J. L. Evans1, R. J. Vidri1,2, D. C. MacGillivray1, T. L. Fitzgerald1 1Tufts University School Of Medicine – Maine Medical Center,Surgery,Portland, ME, USA 2St. Mary’s Regional Medical Center,Surgery,Lewiston, ME, USA
Introduction:
The prognostic significance of tumor mitotic rate (TMR) for patients with localized melanoma has engendered significant controversy. Although several small studies have validated TMR as a prognostic marker for this disease, TMR is no longer incorporated in the AJCC staging paradigm.

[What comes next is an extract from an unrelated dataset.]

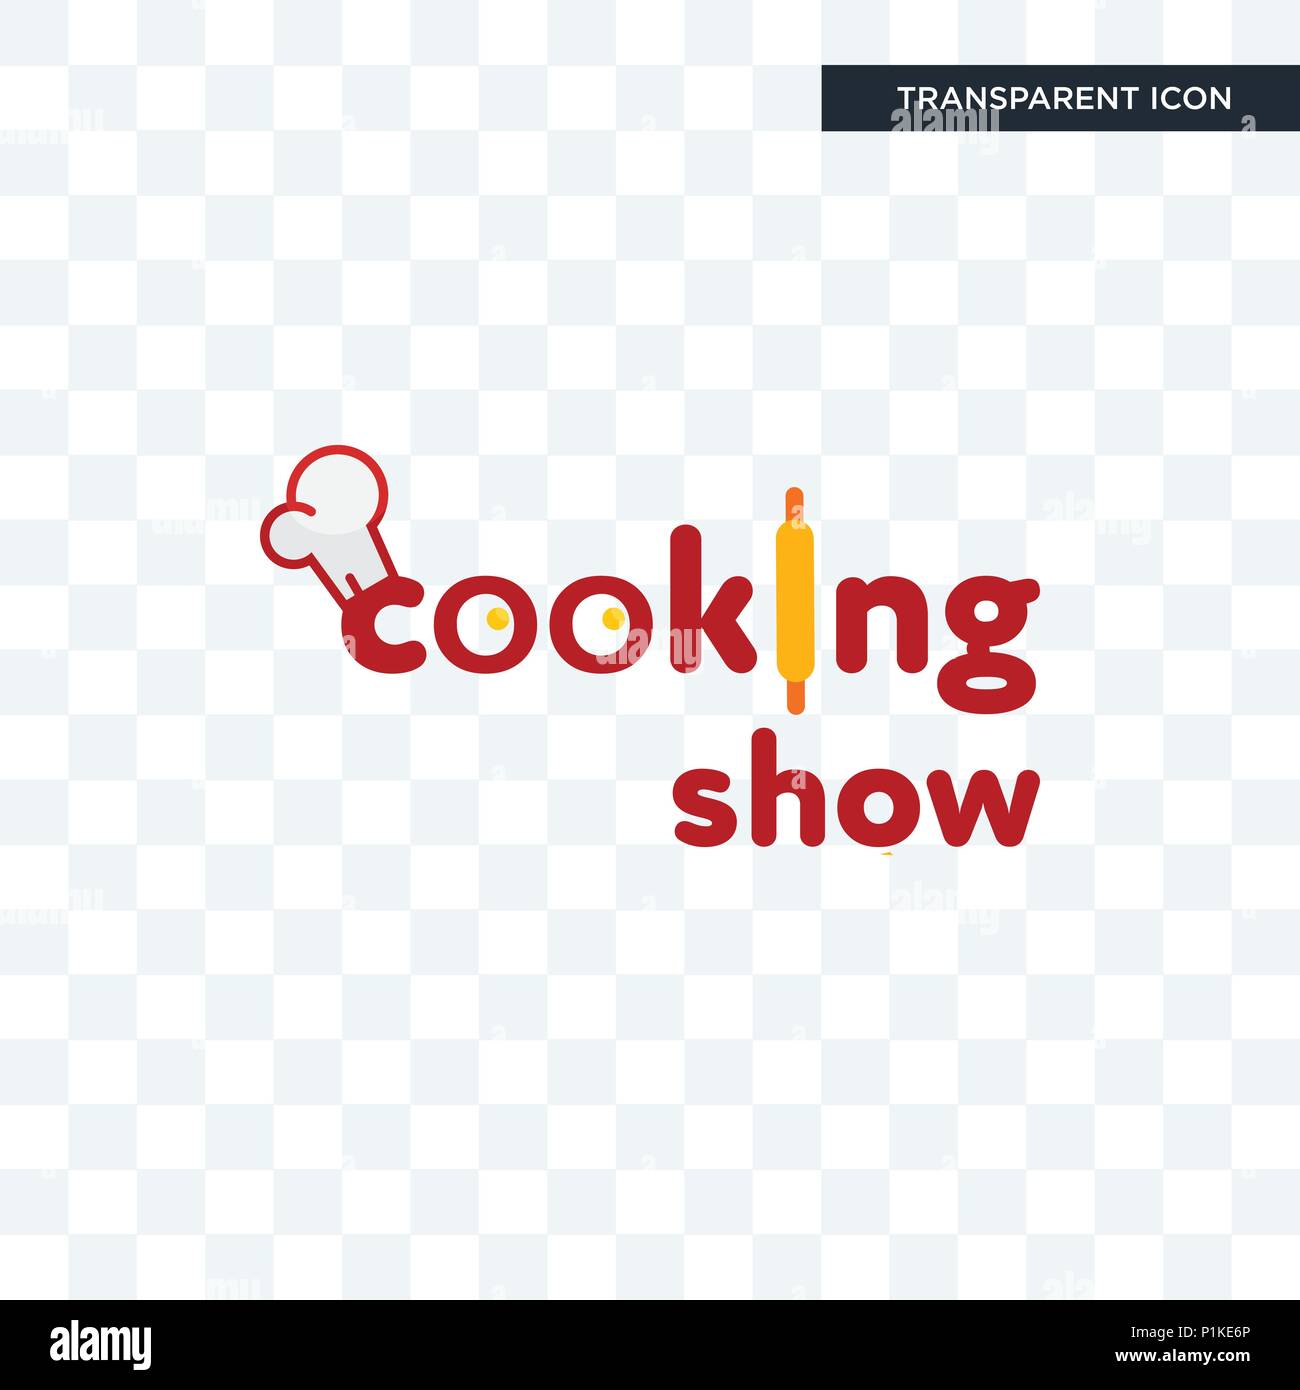 Kochshow vektor Icon auf transparentem Hintergrund isoliert, Cooking Show logo Konzept Stock Vektor

To better define TMR as an independent predictor of disease-specific survival for localized melanoma, we performed a cohort study utilizing an administrative cancer database.
Methods:
Patients diagnosed with localized cutaneous melanoma from 2010 to 2014 were identified from the SEER registry. TMR was then categorized into three groups based on the number of mitoses: 0-3 mitoses/mm2 (Group 1), 4-10 mitoses/mm2 (Group 2), and >10 mitoses/mm2 (Group 3). Five-year disease-specific survival for stage and TMR category were calculated using the Kaplan-Meier method, groups were compared using the log-rank test. Multivariate analysis was performed using Cox proportional hazards model. (Using JMP 13. Cary, NC: SAS Institute Inc.)
Results:
A total of 71,235 patients were included; the majority were white (94.7%), male (58.5%), and had Stage I disease (79.0%). When analyzed both as a categorical and a continuous variable, TMR was associated with disease-specific survival for all TNM stages. Univariate analysis demonstrated that 5-year disease-specific survival decreased with increasing TMR in Groups 1, 2, and 3 for Stage I (98.31%, 90.90%, 79.74%; p<0.0001), Stage II (86.07%, 74.17%, 72.85%; p<0.0001), and Stage III melanoma (72.52%, 58.58%, 49.65%, p<0.0001). Multivariate analysis controlling for age, race, sex, primary site, ulceration, and Breslow thickness revealed an increased mortality risk for those melanoma with 4-10 mitosis/mm2 and more than 10 mitosis/mm2, when compared to those with 0-3 mitosis/mm2: Stage I (RR=3.00 and 6.90 p<0.0001), Stage II (RR=1.37 and 1.63, p=0.0002), and Stage III disease (RR=1.33 and 1.46 p=0.0004). When analyzed as a continuous variable in this model, each unit increase in TMR increased the risk of death by 22% in Stage I (p<0.0001), 5% in Stage II (p<0.0001), and 4% in Stage III melanoma (p<0.0001).
Conclusion:
This retrospective cohort study, the largest to date; suggests that tumor mitotic rate is a strong, and independent predictor of disease-specific survival in melanoma. While the literature has previously demonstrated the prognostic value of TMR in Stage I disease, the present study expands upon this knowledge by demonstrating a similar relationship in Stage II and III melanoma.